Starbucks’ meteoric rise has occurred with a minimum of conventional marketing, something with which admirers and critics alike have been fascinated. Starbucks executives regularly proffer the “opinion” that their company’s success has been a largely word-of-mouth phenomenon, a result of the people-friendly products, service, and atmosphere offered. Such claims are, in some sense, true; Starbucks is quite frank that it sells a “coffee experience.” Towards this end, the company touts its stores as a “third place” in their customers’ lives (first is home and second is work), a clean and appropriately-lighted environment where people can “meet up” and chat, “kick back” with good reads, or “surf the web” via their wireless laptops. Thus, Starbucks is the kind of place about which folks tell their family, friends, and colleagues.
While Starbucks has never aired television commercials for its stores, the company has run national TV campaigns for specific drinks sold in partnership with Pepsi. One ad featured a doo-wop singing group backing up “Stacey” as she ignores her boss and office-mates in favor of a chilled “Frappuccino” in-a-bottle. Meanwhile, viewers are informed that “work can wait.” In a second spot, ’80s hair-band Survivor retreads its hit song “Eye of the Tiger” from the Rocky III soundtrack as “Glen” gets ready to meet the work-a-day office world with a canned “Double Shot” espresso energy drink. New lyrics tell of the guy’s potential to reach “middle management” and become a “supervisor” someday. The company’s mermaid (or is it a siren?) logo fades in and out as the commercials close. Essentially music videos — which are, themselves, commercials for recorded music and musicians — the ads reflect a “hip” style of product promotion that alternately rejects blatant sales appeals believed to disrupt and interrupt program viewing or makes its sales pitch an ironic one allowing the audience to be in on the joke, as in the “Glen” advert. The approach has worked for both new companies and novel products that generate a “buzz” as well as for “brands” already embedded in the culture at large.
Starbucks’ status as “embedded brand” addresses an important point about the company’s self-identity; its fabled “anti-advertising” posture belies the fact that it has been at the forefront of “new” marketing strategies. Starbucks has led the way in commercial “placement” whereby companies pay to have products “show up” in films and on TV shows. Consider the prominence of Starbucks in the Austin Powers flicks, and the movies Miss Congeniality and I Am Sam (to name only a few of many “appearances”), as well as in the Ally McBeal and West Wing television series.
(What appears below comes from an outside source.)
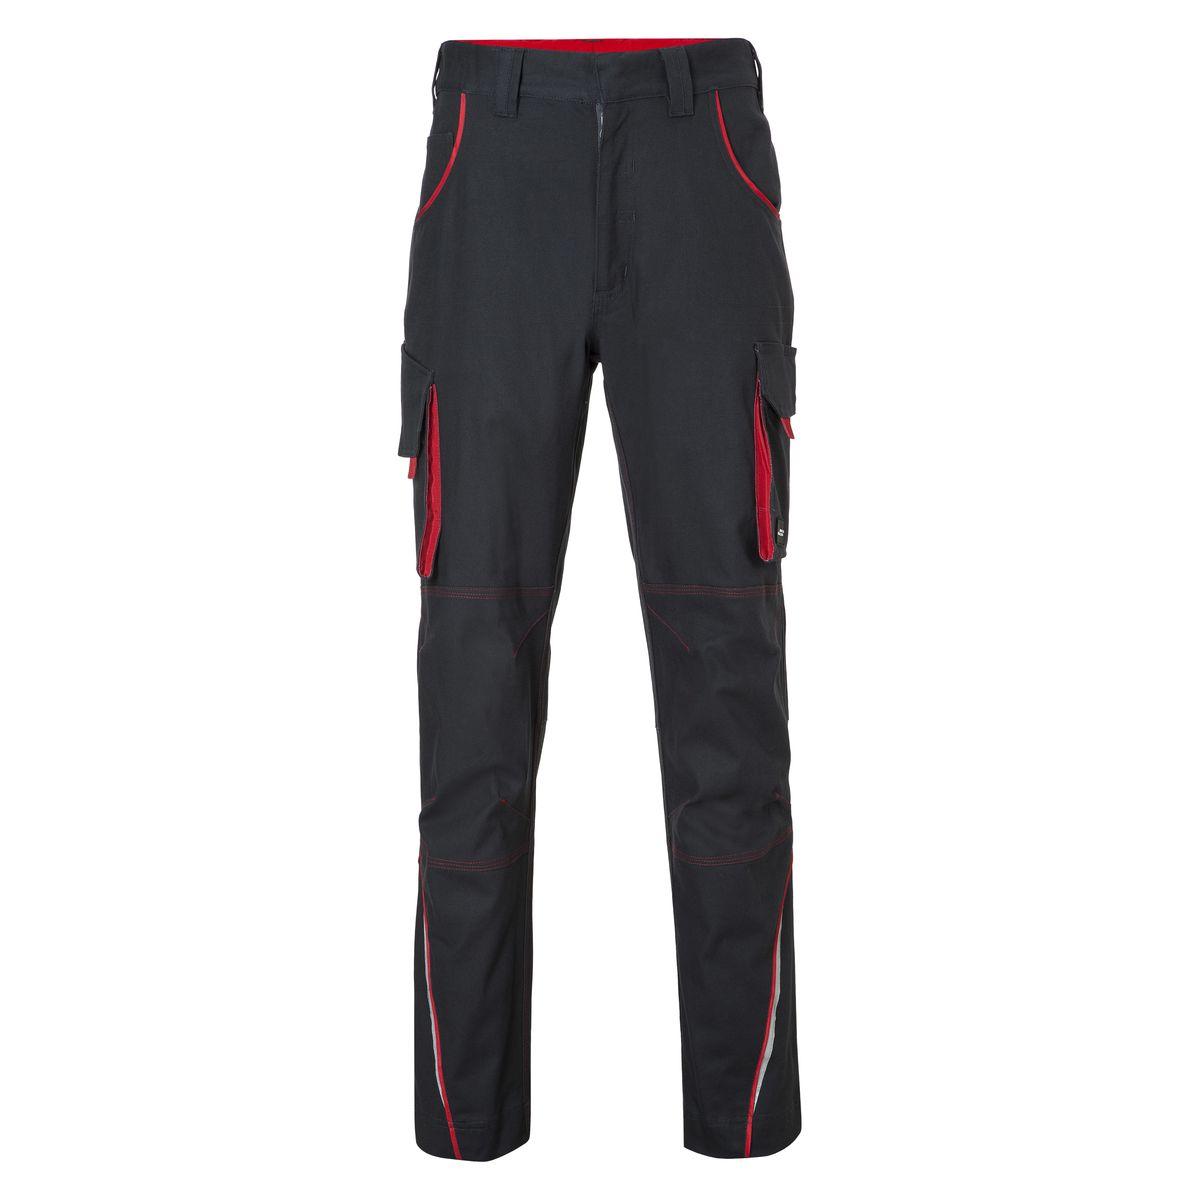 Breve lavoro Pantaloni Bermuda Workwear Pantaloni James /& Nicholson Pantaloni Federale arbeitskleidu

Visibility comes in three forms: scenes shot on location in Starbucks stores, Starbucks cups as props for characters, and Starbucks exteriors as set dressing and background. The company has also promoted itself through “location saturation”; upon deciding to open somewhere, particularly in dense urban downtowns, Starbucks will place several stores within close proximity, even across the street from one another. This strategy serves multiple purposes: it offers customer convenience, it overwhelms existing local cafes and shops, and it facilitates the company logo becoming a pervasive feature in people’s lives. Thus, Starbucks expansion is simultaneous advertising (and because each store is part of a chain rather than a franchised entity, the company may be willing to lose money for a time at one site to drive a competitor out of business).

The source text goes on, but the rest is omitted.